OUP: In your introduction you mention that you work in the sociology of stress. Can you explain what it is and how it led you to work on this particular book with Dr. Wakefield?

Allan Horwitz: The sociology of stress is concerned with the impact of stressful life events – such as marital dissolution, unemployment, receiving a diagnosis of a serious physical illness – and of chronically stressful conditions – such as living in poverty or having continuing abusive social relationships – on mental health. One of its basic assumptions is that the reasons for why people become distressed and unhappy lie in their stressful circumstances, as opposed to their internal personality or biological characteristics.

My work in this area convinced me that many unpleasant emotions and, in particular, sadness stem from normal people’s responses to stressful conditions, not from their having mental disorders. In contrast, it seemed as if the mental health professions did not distinguish normal sadness from psychiatric disorders and counted all conditions that reached a severe enough level as signs of disorder. However, dire social circumstances could produce normal sadness as well as major depressive disorder so there is a fundamental need to separate normal from abnormal emotions.

Oup: Your book talks about the Diagnostic and Statistical Manual of Mental Disorders’s definition of depression. Why 9780195313048.jpghas the DSM-III’s definition of depression contributed to the rise in its diagnosis?

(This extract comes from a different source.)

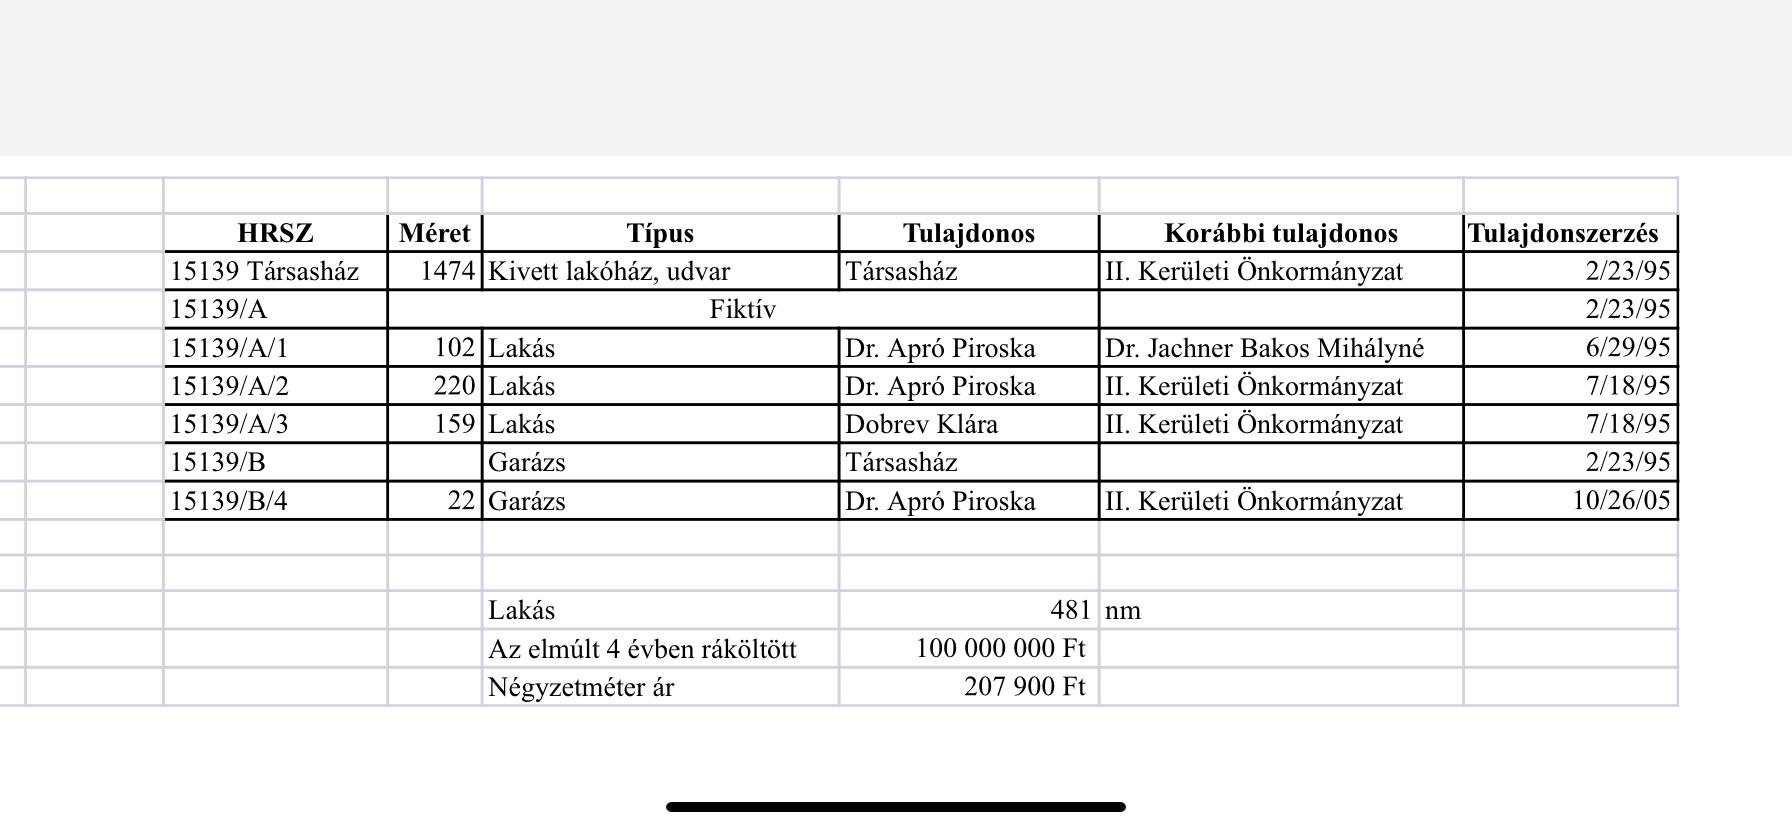 Gyurcsányék házában 100 millió forintból több mint 200 ezer forint jön ki négyzetméterenként egy felújítás esetében
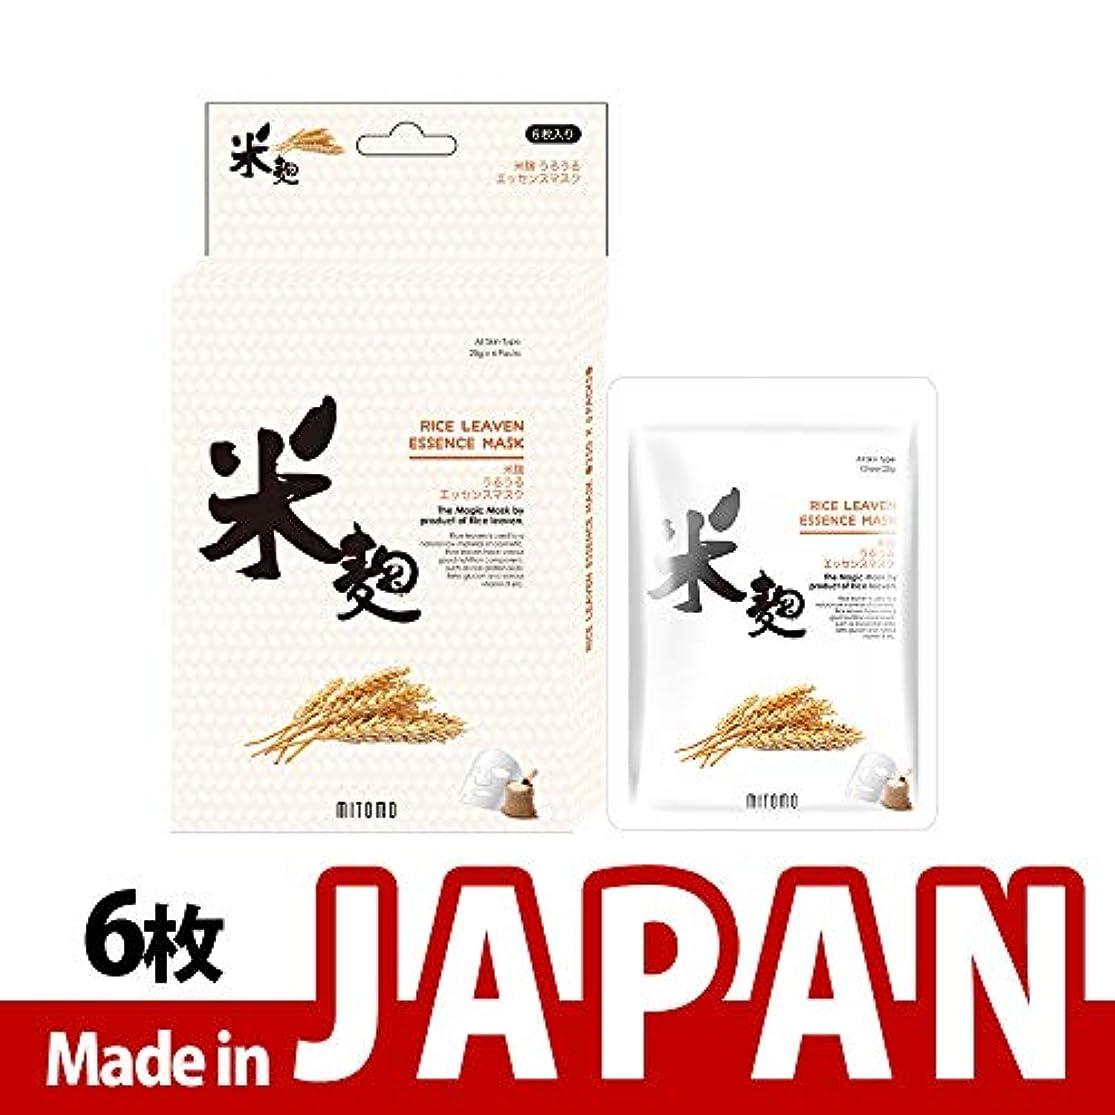 順応性のあるハードウェア拳MITOMO【JP512-E-4】日本製大豆イソフラボン シートマスク/6枚入り/6枚/美容液/マスクパック/送料無料

Horwitz: Beginning in 1980, the DSM began to use a checklist of symptoms to define depressive disorder. If people had enough symptoms – at least five symptoms that must include either a sad mood or an inability to experience pleasure as well as symptoms such as loss of appetite, sleep difficulties, fatigue and several others. However, with the sole exception of people who develop enough of these symptoms after experiencing bereavement, the diagnosis ignores the context in which such symptoms develop. So, a person who feels sad, loses their appetite, can’t concentrate, etc. for two weeks after experiencing a romantic breakup, the loss of a job, or having a child seriously injured in a car accident is treated as equivalent to someone whose symptoms have no environmental cause or that have persisted for long periods of time. Because the definition encompasses such normal sadness responses, in addition to symptoms that are genuine mental disorders, the apparent rate of depressive disorder has greatly increased in recent decades. In the book we argue that the rising rate of depression is more a result of the changed definition of depression than of the fact that there are actually more people with depressive disorders in recent years.

OUP: How can an individual separate normal anxiety and depression from a disorder that needs to be treated by a doctor?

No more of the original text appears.